Sunday, October 29, 2006

Sunday Intellectual Question: Spooky Stories

I am a big chicken. I scream at jumpy things, I can't go to sleep until I am sure all the doors and windows are locked, and I have been known to lay eggs. Well, I don't actually lay them, I buy them in a carton and put them carefully in my fridge, but it's pretty close! If I watch a horror movie, or even a "thriller" I have nightmares for weeks and can often recall the details clearly years later ... Evidence: the silly "horror" movie my friend's big brother rented when I was seven. I can still see clearly a little kid in the woods jumping in his sleeping bag away from a plastercine monster. Even though I know it's fake, and plastercine monsters who are slightly out of focus around the edges do not haunt the forests of Canada (but possibly Borneo, lots of strange things happen there) I still don't want to sleep without a tent in the middle of the woods. Given the number of bears, wild cats and feirce porcupines up here that is probably a good thing.

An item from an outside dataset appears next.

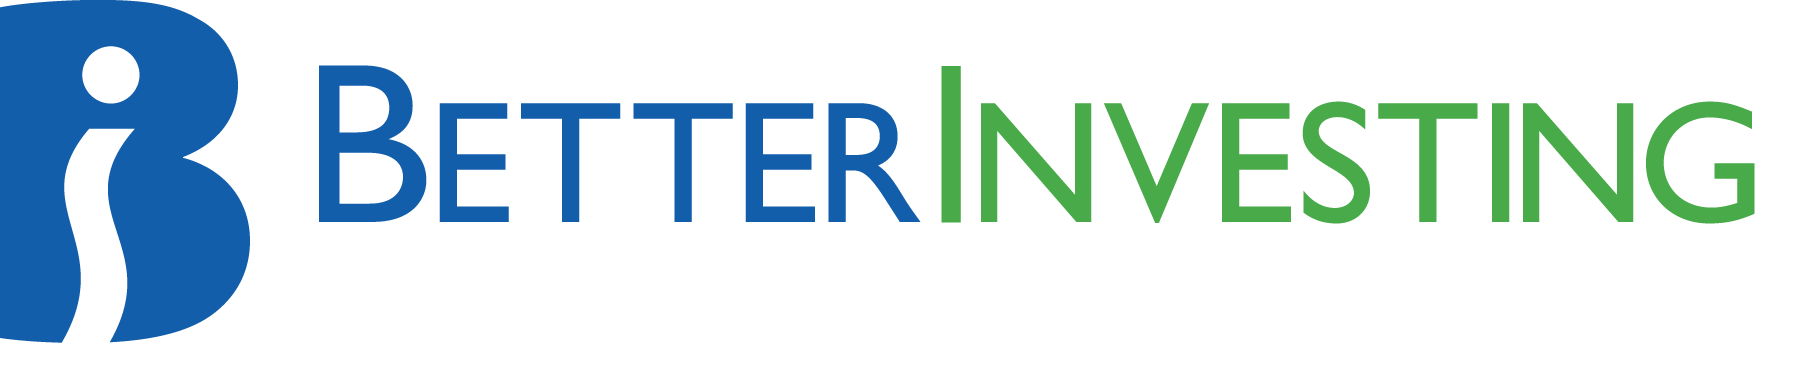 betterinvesting-rev.png

This leads me, finally, to a question: Why do some people, like myself, translate even the silliest horror movie into jumpiness and long term fears, while other people are able to watch the movies "just for fun"?

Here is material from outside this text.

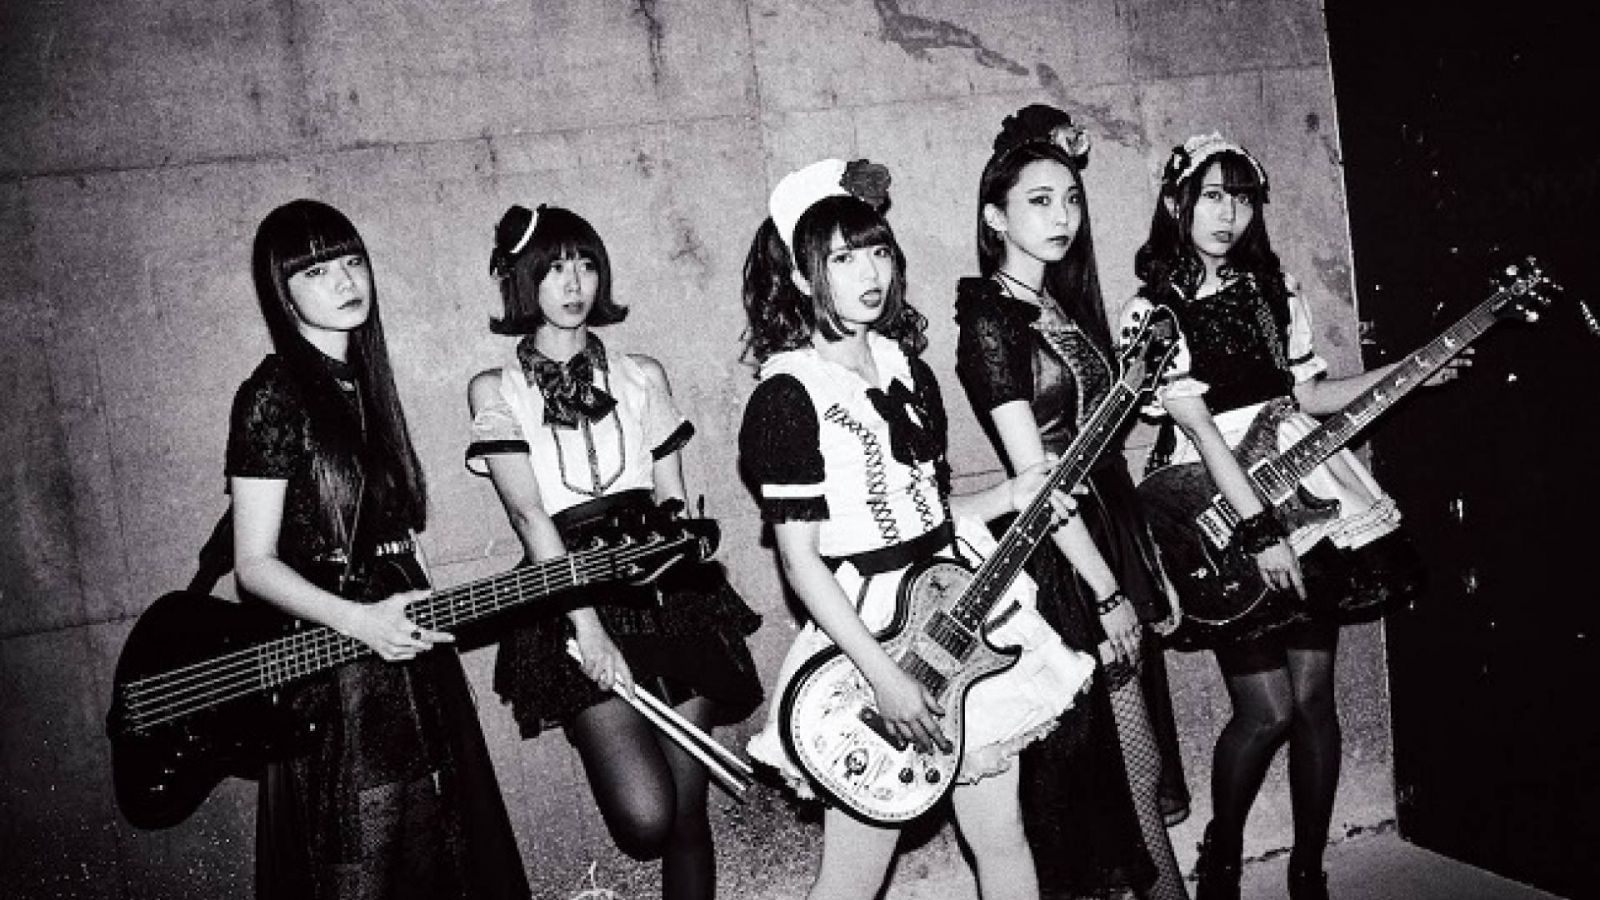 BAND-MAID - start over © PLATINUM PASSPORT. All Rights Reserved.

Is there a horror movie moment or campfire story that just won't leave you alone?

5 comments:

Jebb said...

For me, it's the rare horror movie that makes a lasting impression (especially these days, when horror movies mostly stink). One that did is Poltergeist. That scene when the storm is coming and the little boy in bed looks across the room at the clown toy sitting in a chair, closes his eyes for a few seconds, reopens them and the clown isn't in the chair anymore ... oh my.

http://thejebber.blogspot.com

Anonymous said...

Ok... for me it was the first horror movie I ever saw: Psycho! That shower sequence freaked me out for many days... I would always check around the shower curtain two or three times during a shower... a very well done movie.

Then there was "The Birds". Every now and then I still do a double take when an abnormally large flock of birds swoops around. Very well done film!

Cara said...

ok.spooky. Probably the scariest things are all subtle little "ordinary" experiences like knowing something is there and then having it missing or not being able to see or hear what is going on and then worrying that you will miss seeing someone. Of course, that's the problem, the ordinary experience takes on weird possiblities ... unfortunately my brain seems to think the weird experiences are totally plausable too!

Cara said...
This comment has been removed by the author.
Anonymous said...

Ok... just remembered another "ghost story" from a movie. It has to do with the "Three Men and a Baby" movie, maybe you've heard this one. In one scene where one of the characters is talking to a woman about the baby he's holding, there is a doorway in the background... and a man standing there in the shadows watching the baby ever so carefully.

The story goes that the director shot this scene several times, and had people checking that area of the set... no one was ever standing there, yet every day in the dailies, there he was in the doorway: same shirt, same pants, same hairdo... every day!

This supposedly went on for weeks; they tried to photoshop him out, but nothing would remove him from the background. In the final movie he's still there in the background, carefully watching over the baby... a guardian angel? Perhaps... now you're going to go rent that movie, aren't you?!?